Exercise requirements:
Produce an exact copy of all the data below, dropping every image.

Data shown:

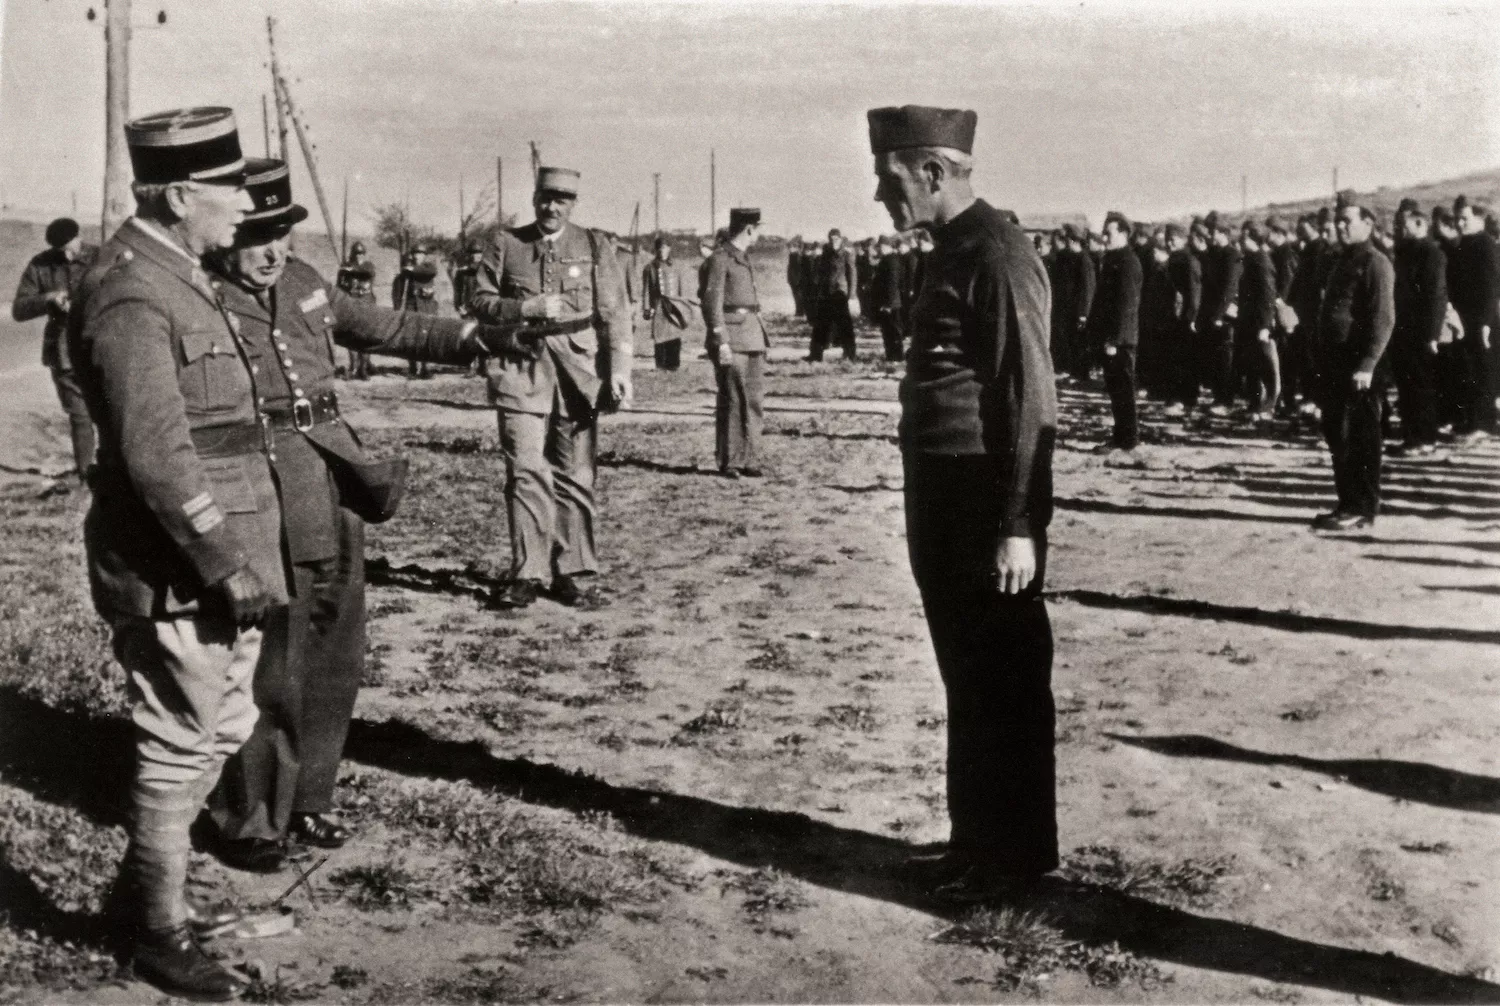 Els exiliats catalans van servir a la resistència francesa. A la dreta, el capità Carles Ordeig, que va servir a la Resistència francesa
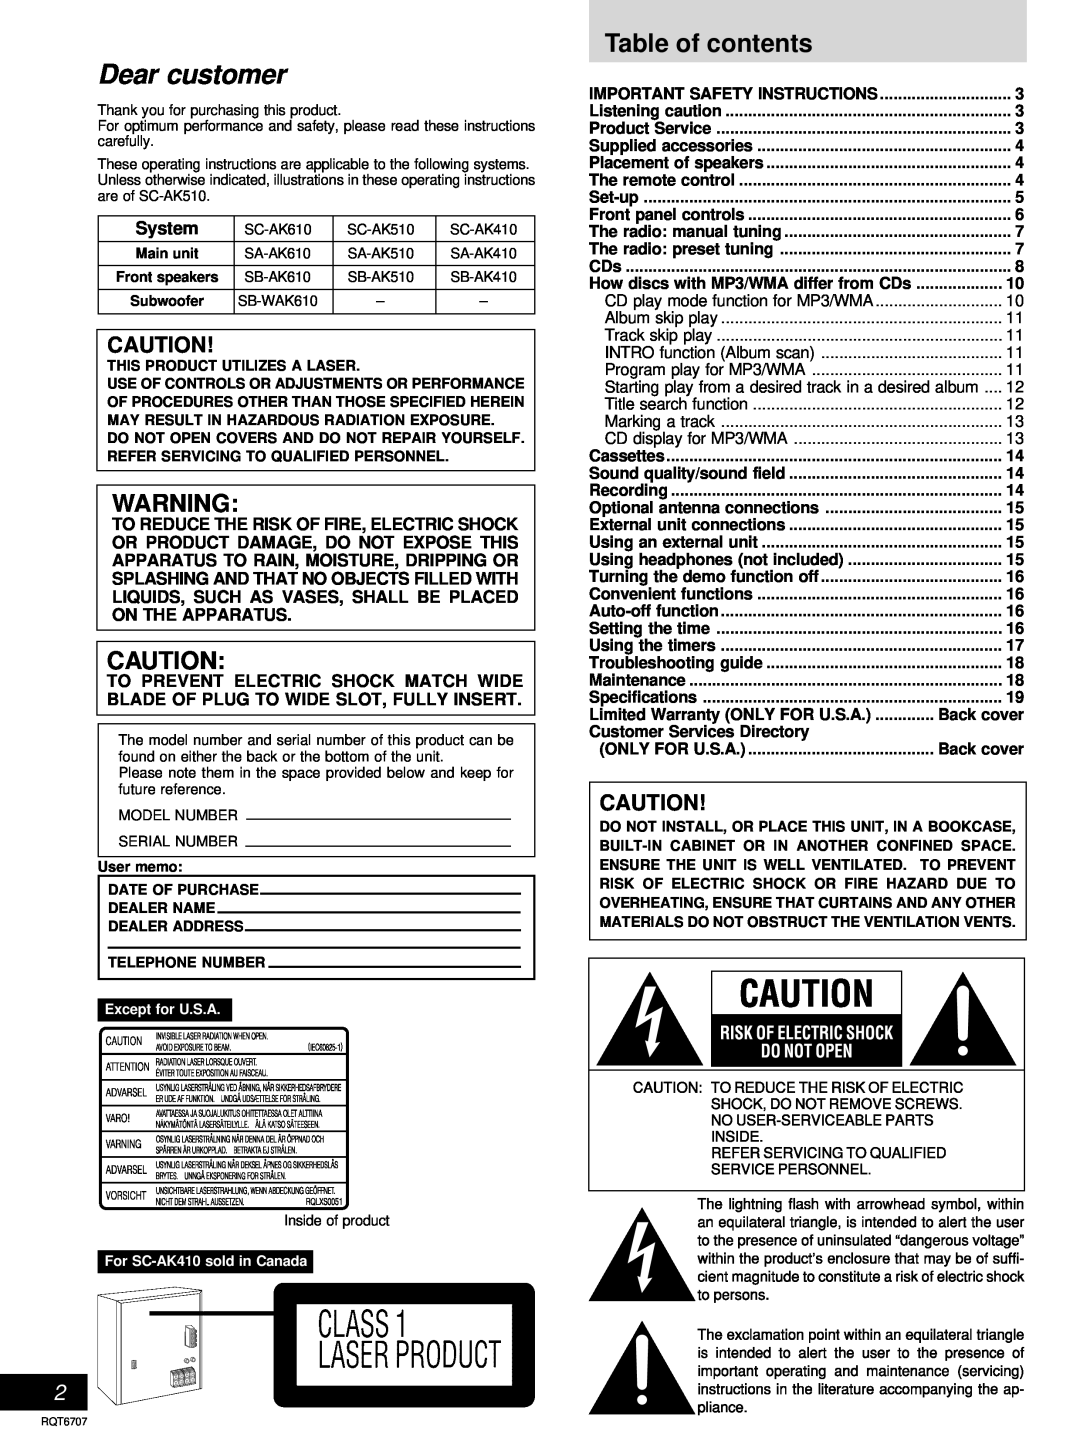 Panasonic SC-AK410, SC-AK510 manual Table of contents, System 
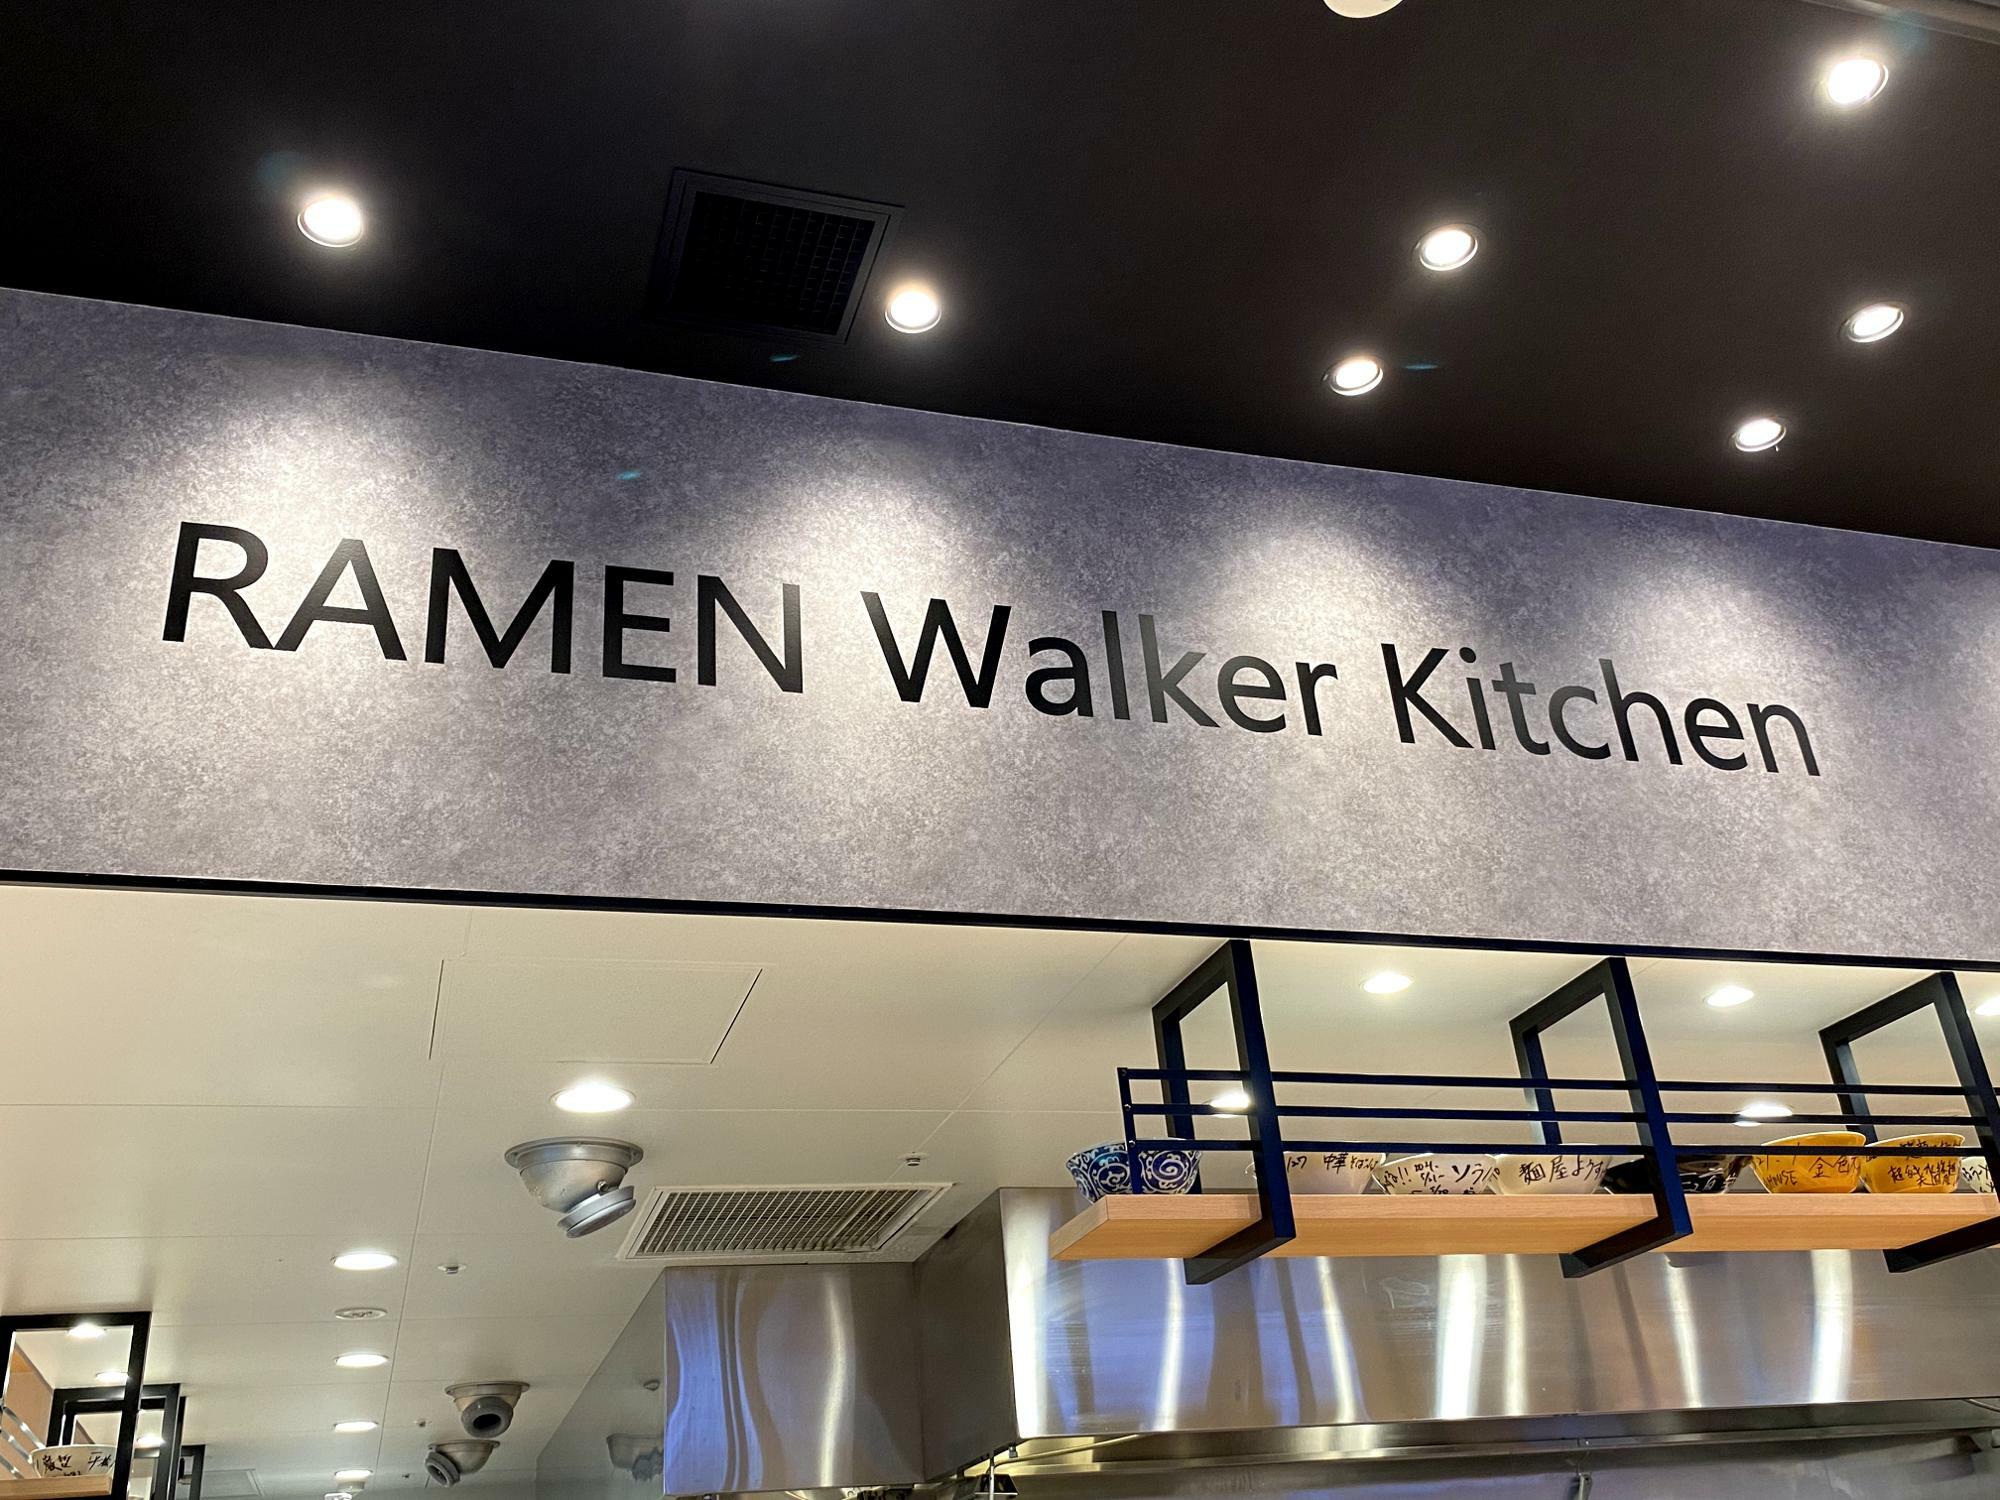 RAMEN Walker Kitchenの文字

Response below:
 Els exiliats catalans van servir a la resistència francesa. A la dreta, el capità Carles Ordeig, que va servir a la Resistència francesa
 Panasonic SC-AK410, SC-AK510 manual Table of contents, System 
 RAMEN Walker Kitchenの文字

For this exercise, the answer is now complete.